Les taxes prélevées sur le trafic des marchandises et les achats faits sur la place d'Ayas, faisaient entrer dans le trésor royal une grande somme d'argent et d'or. Ces taxes [4] n'étaient pas énormes, elles étaient réglées d'après la qualité des marchandises. On n'exigeait que 2 ou 4 pour cent, à l'entrée et à la sortie des marchandises vendues, selon leur qualité. A cause de leur fréquentation continuelle, les Vénitiens, les Génois et les Florentins étaient presque exemptés de taxes; des traités leur avaient accordé cette faveur. C'est pour cela aussi que tant de lettres furent échangées; le temps en a épargné une trentaine en différentes langues [5] . Malgré ces concessions, les revenus royaux ne diminuaient pas, ils augmentaient plutôt; car les marchands chrétiens abandonnaient l'Egypte les taxes étaient très considérables, et se rendaient volontiers à Ayas.

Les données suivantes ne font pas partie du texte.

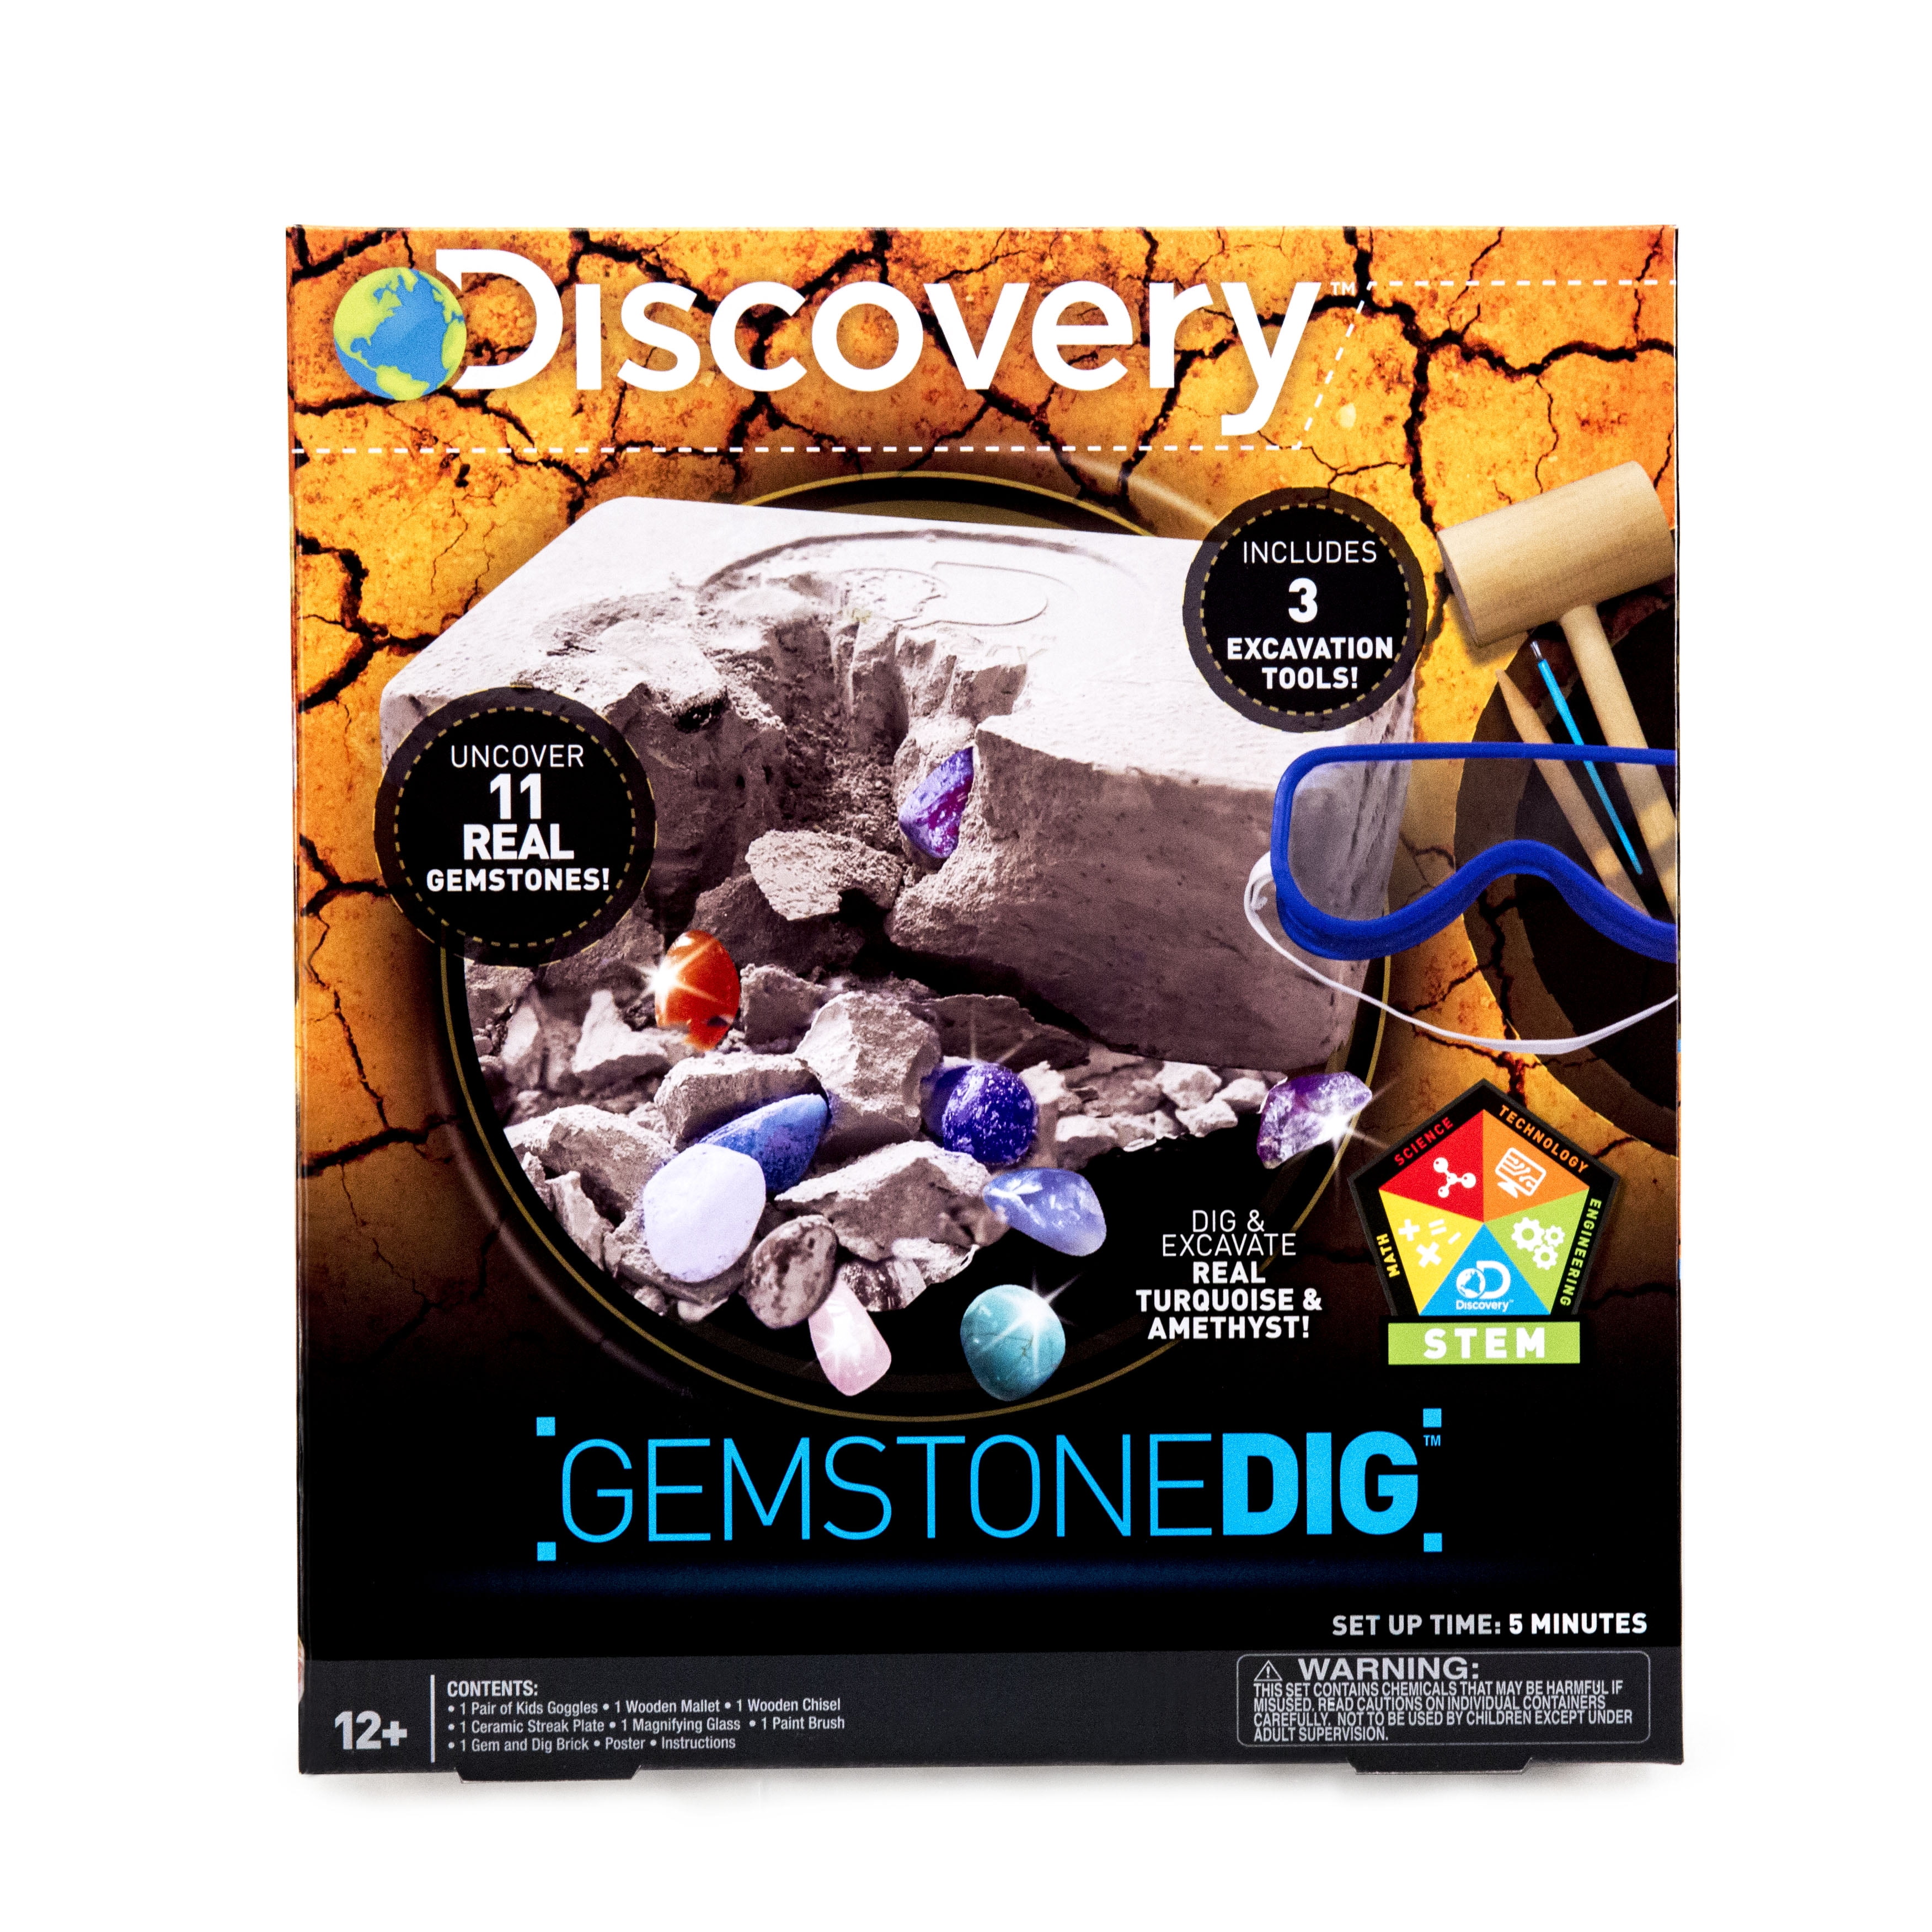 Excavation GemStones Dig Kit for Kids Natural Rocks Mineral Mining Science Education Stem Gift for Party 12 Packs

Les marchandises orientales qui payaient de plus grand droits et qui enrichissaient le pays, étaient à peu près les mêmes que celles que l'Orient envoie encore de nos jours à l'Occident. C'étaient diverses espèces d'épiceries, mais surtout du sucre, du brésil, du gingembre et du gros poivre [6] . Quelques économistes modernes voudraient faire reprendre au commerce son ancienne route, et amener les grandes caravanes des Indes, à ce Golfe arménien de la Méditerranée, en face de l'Ayas abandonnée, à Alexandrette, ou à une autre station voisine.

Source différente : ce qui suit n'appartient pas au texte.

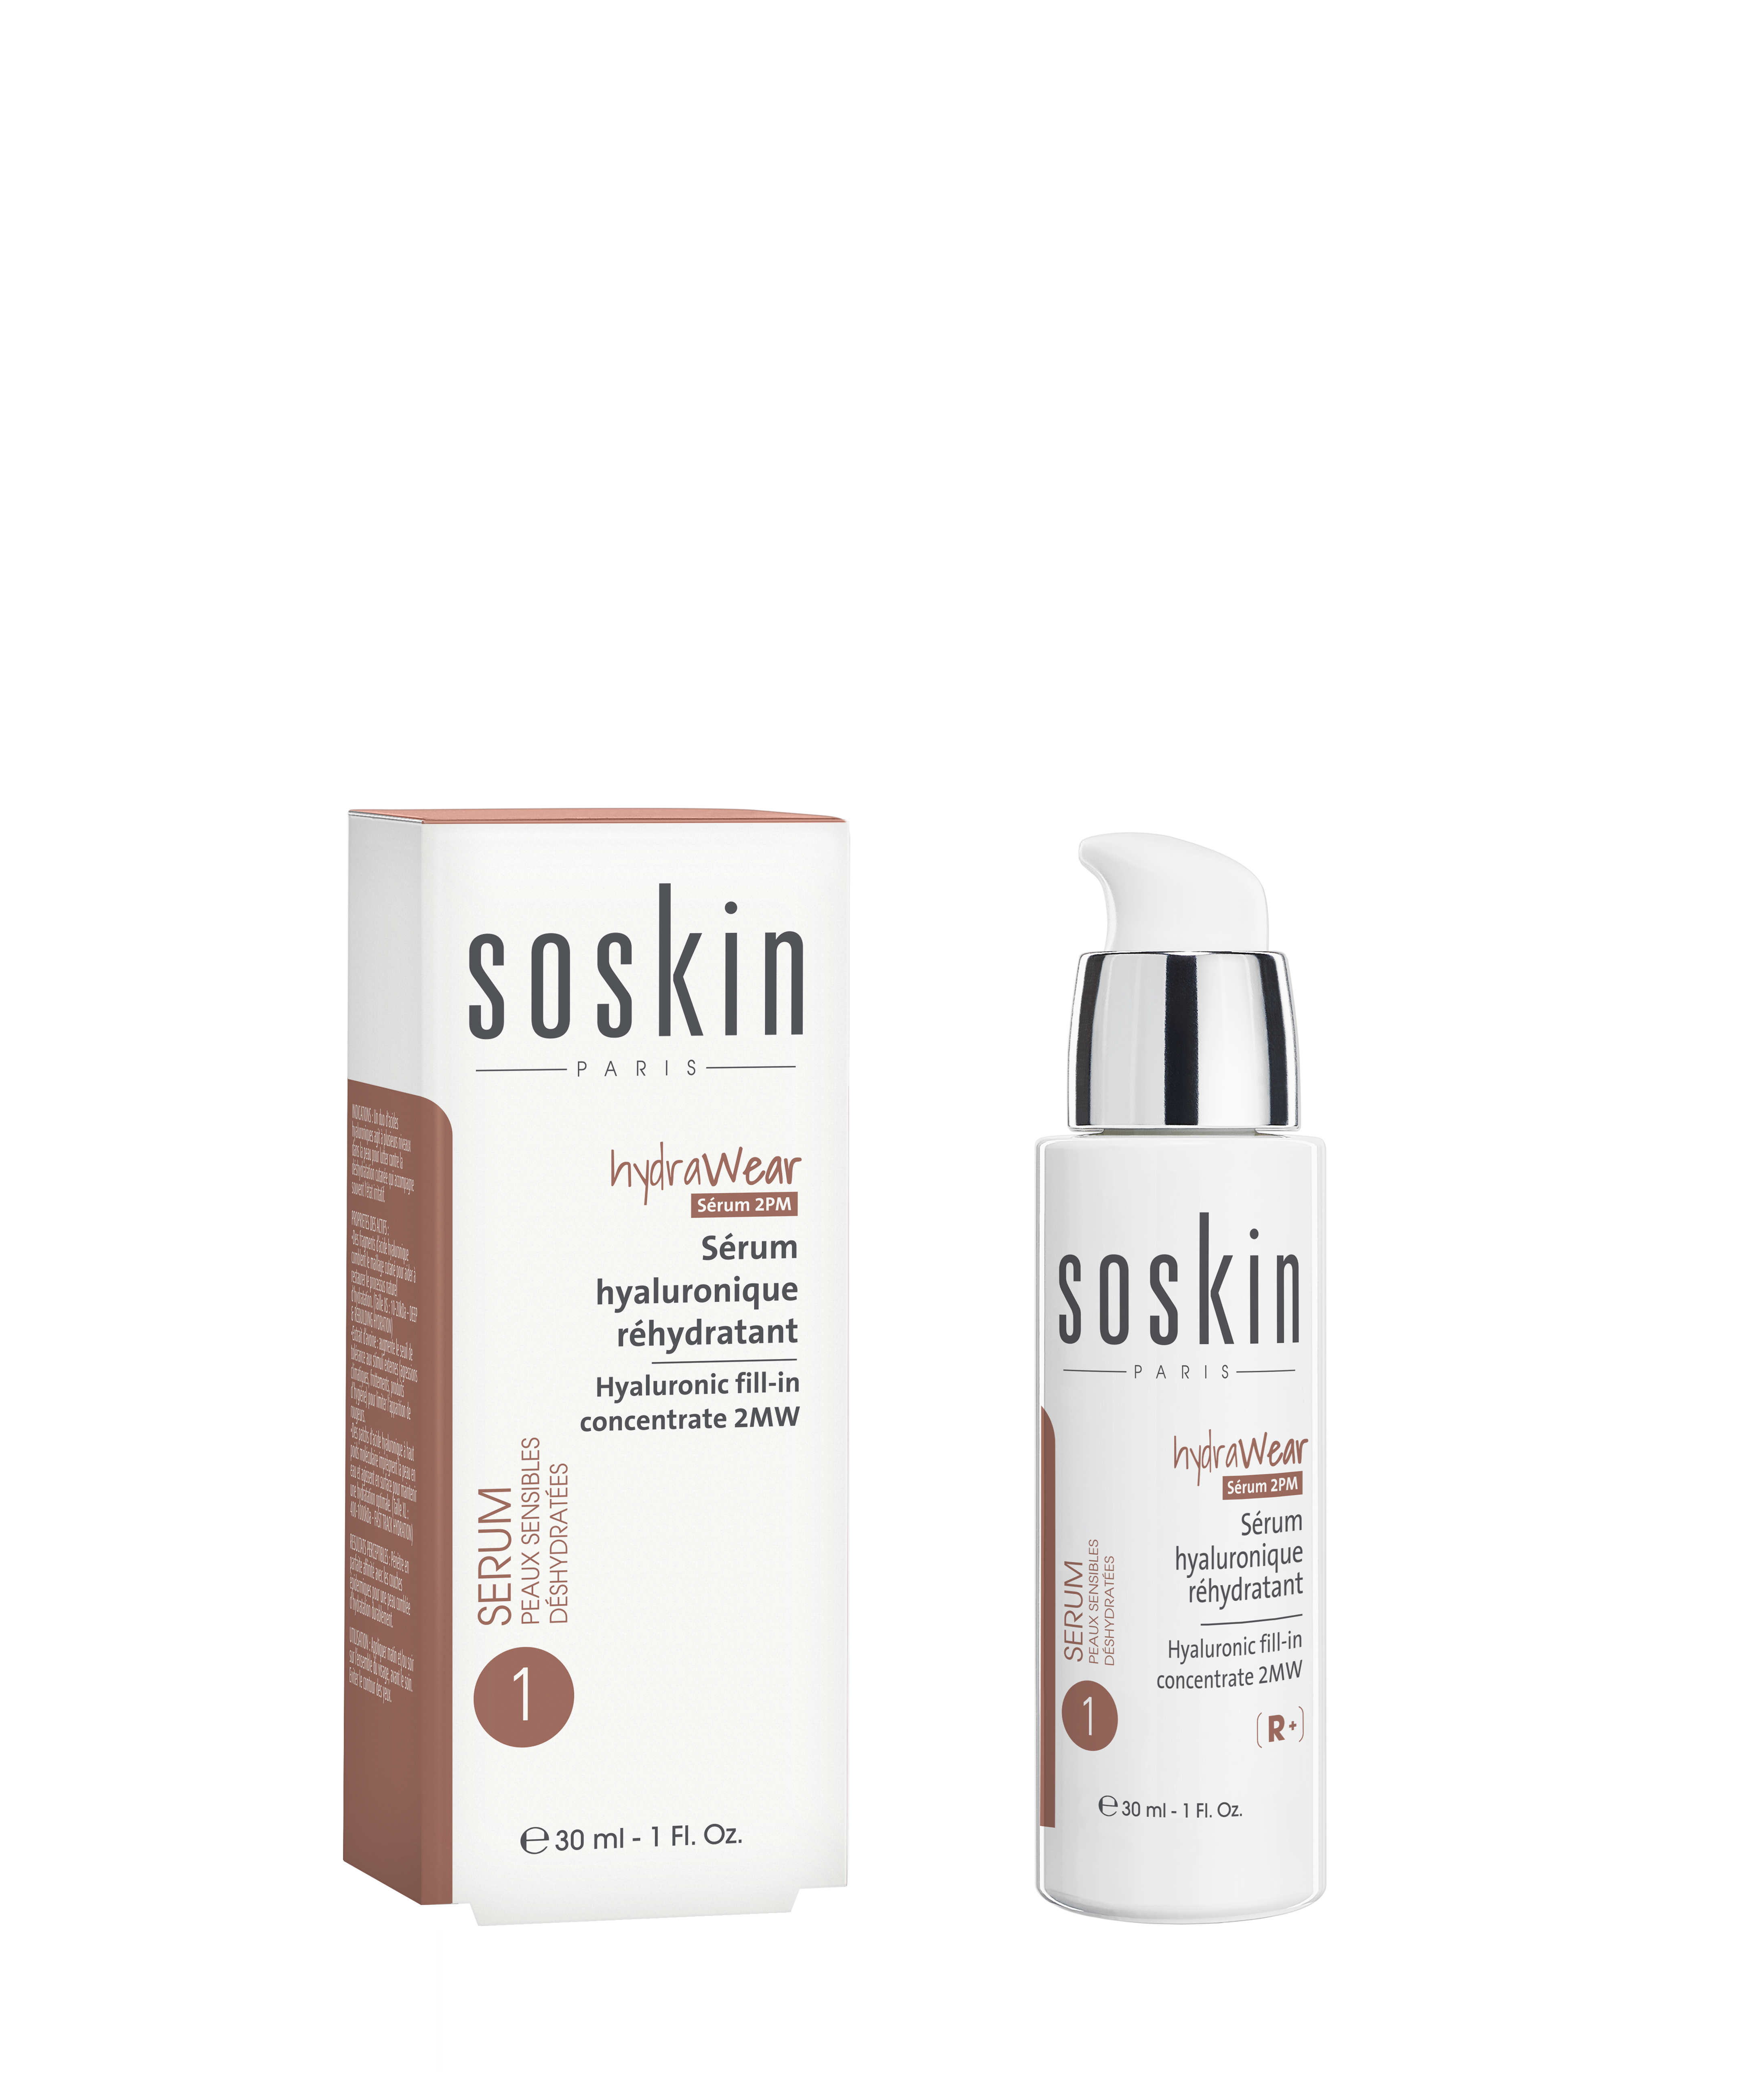 Soskin-Paris Hyaluronic Fill-In Concentrate - Serum s Kyselinou Hyaluronovou  30 ml

[1] «Extrahere fecimus de dictis nostris Quaternis de l'Ayacio», écrit Léon IV au doge de Venise, à propos du compte du coton que les Vénitiens avaient acheté aux Egyptiens, moyennant la somme de 24, 107 takvorines, mais ceux qui le leur avaient livré, en avaient exigé 27, 000, et Léon les leur avait payés.

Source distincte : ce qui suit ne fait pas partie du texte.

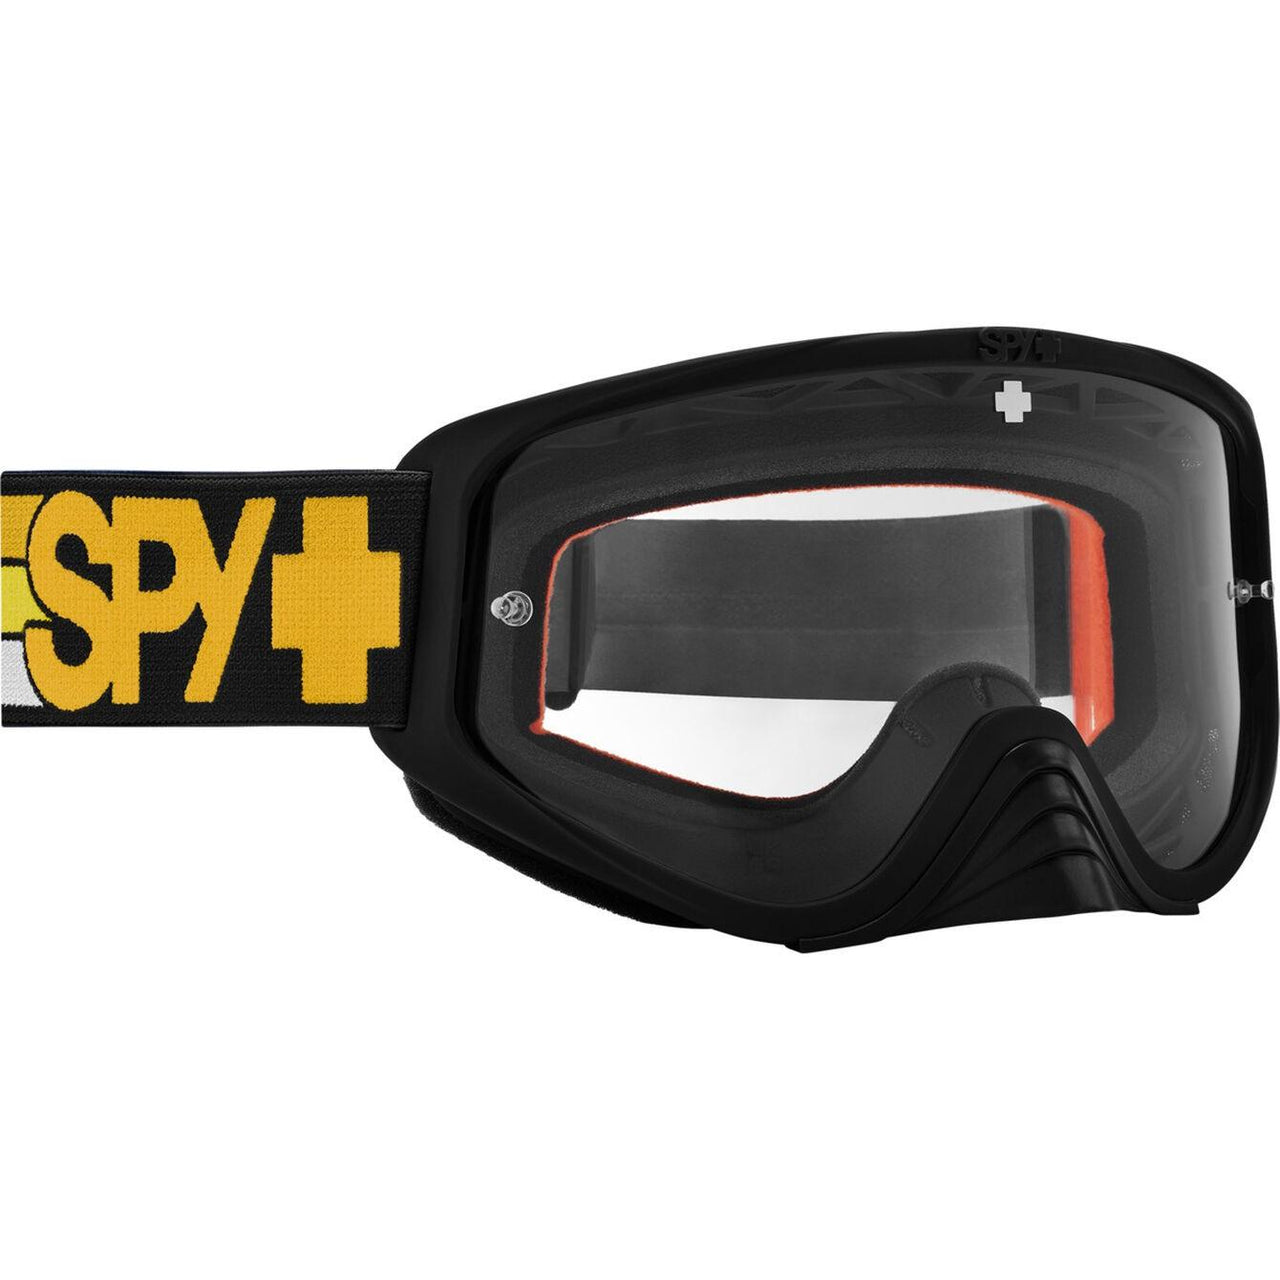 SpyOptic 313346 Goggles

[2] Balducci Pegolotti, Pratica della Mercatura, Ch. VI.

[3] Le géographe Edrizi, cite les stations des caravanes entre Alep et Ayas; les voici: Hazarte (Azaze), Curis, le passage d'Amanus par le défilé de Sarouantikar, Missis, d'où l'on se rendait à Adana et à Tarse.

[4] Un peu plus loin, on trouvera la liste et l'énumération de ces taxes, d'après le décret de Léon II.

[5] Ces lettres qui ont été recueillies par V. Langlois et imprimées à l'Imprimerie de notre monastère sous ce titre: Trésor des Chartes de l'Arménie ou Cartulaire de la Chancellerie royale des Roupiniens, vont de 1201 à 1341. Toutes se répètent à peu de chose près. Elles sont écrites sur le ton d'un édit de privilège de Léon I er aux Vénitiens et aux Génois, l'an 1201. Léon a pris pour modèle les libelles des privilèges accordés par les rois de Jérusalem, de 1111 à 1123, aux mêmes trafiquants à Ptolémaïs.

[6] Dans les documents conservés aux archives de Venise, il est souvent parlé de ventes et d'achats de poivre à Ayas. Ainsi, l'an 1330, un certain Rubeo en avait emporté 300 livres. Ce qui donne à supposer, ou que les Arméniens l'apportaient des Indes, ou que ce fut un monopole. Quant au brésil, il est dit qu'en 1279, à Ayas, il en fut vendu par les Génois 510 rottoli, pour près de 2850 besants arméniens.